Here is a statement of the second part of the Fundamental Theorem of Calculus (FTC2), from a well-known calculus text (James Stewart, Calculus, 4th ed):
If $f$ is continuous on $[a,b]$, then $\int_a^b f(x) \, dx = F(b)-F(a)$, where $F$ is any [emphasis mine] antiderivative of $f$, that is, a function such that $F'=f$.

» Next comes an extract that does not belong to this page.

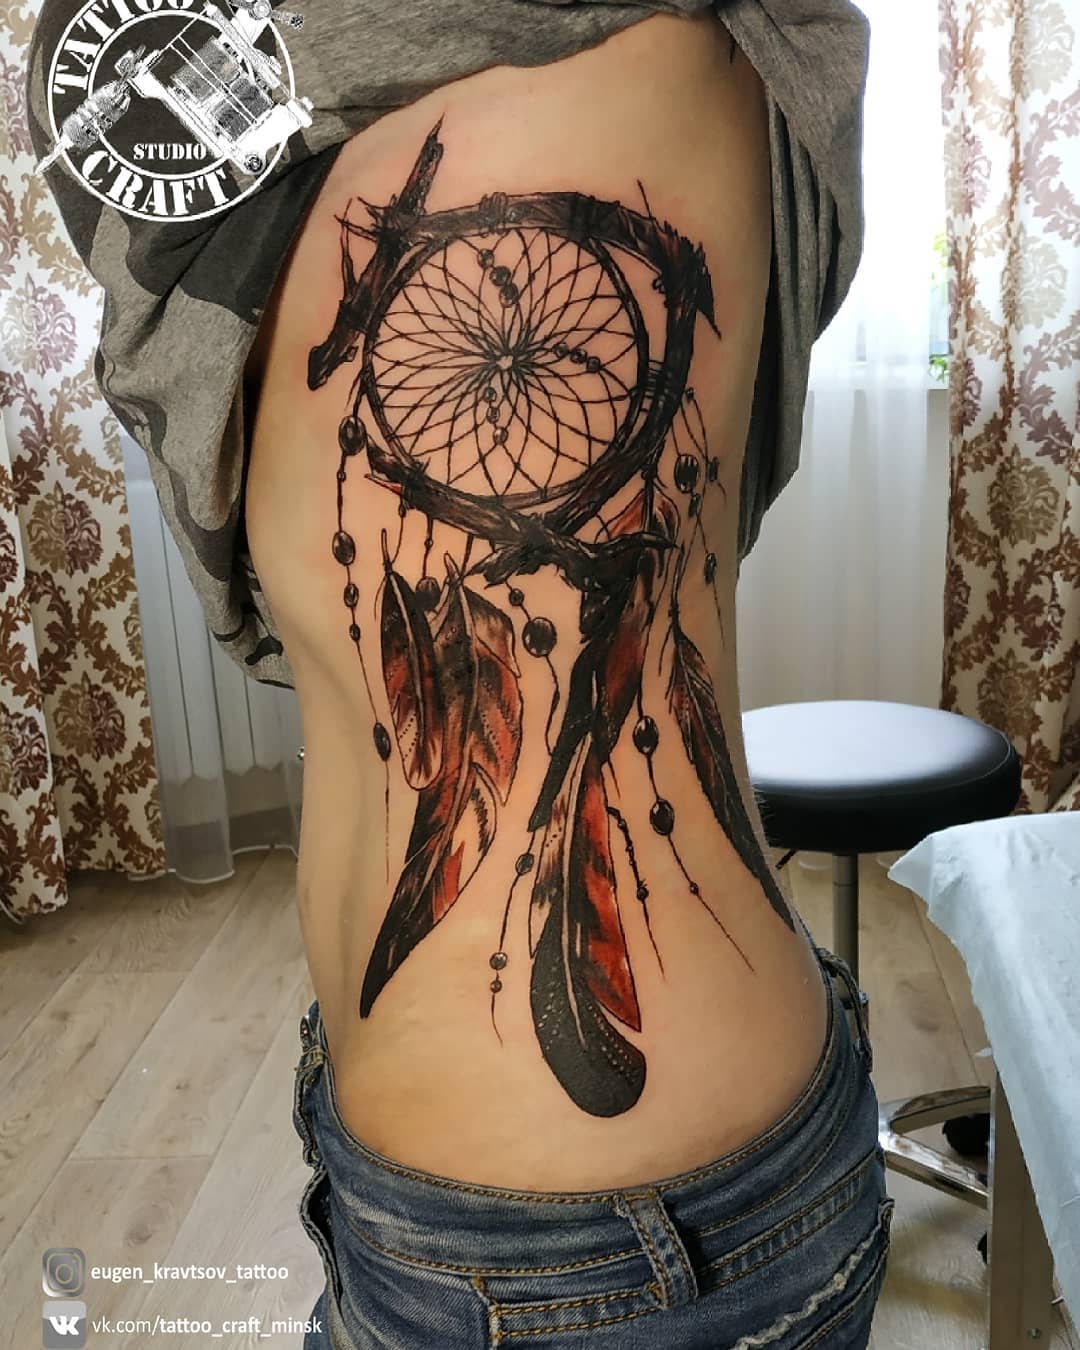 I love the idea of incorporating a dream catcher into a great tattoo. The side ribs are a great choice for the placement, because you can see them but they're not too obvious. The giant dark orange feathers give this tattoo an extra beauty!

The following, however, seems to give a counterexample.*
Can someone resolve this for me?:
Let $f(x) = \frac{1}{4 \sin (x)+5}$.
$f$ is continuous on $[0, 2 \pi]$:
Consider two antiderivatives of $f$, $F_1$ and $F_2$:
$$F_1(x) = \frac{x}{3}+\frac{2}{3} \tan^{-1}\left(\frac{\cos (x)}{\sin (x)+2}\right)$$
$$F_2(x)=\frac{1}{3} \left(\tan ^{-1}\left(2-\frac{3}{\tan \left(\frac{x}{2}\right)+2}\right)-\tan^{-1}\left(2-\frac{3}{\cot \left(\frac{x}{2}\right)+2}\right)\right).$$
Using Mathematica, I've confirmed that both $F_1'= f$ and $F_2'= f$. According to my reading of the above statement of FTC(2), $\int_0^{2\pi} f (x) \, dx = F_1(2\pi)-F_1(0)= F_2(2\pi)-F_2(0)$
However,
$F_1(2\pi)-F_1(0)=2\pi/3$
$F_2(2\pi)-F_2(0)=0$
Note from the plots below that $F_1$ is continuous on $[a,b]$, while $F_2$ is not. Given all of this, it seems the sufficient condition for $\int_a^b f (x) \, dx = F(b)-F(a)$ is that the antiderivative be continuous on $[a,b]$, not the integrand.
$F_1 =$
$F_2=$
*I've taken this example function from a wolfram.com blog.
Best Answer
A differentiable function is continuous. If your "antiderivative" is not continuous, it is not an antiderivative of a continuous function.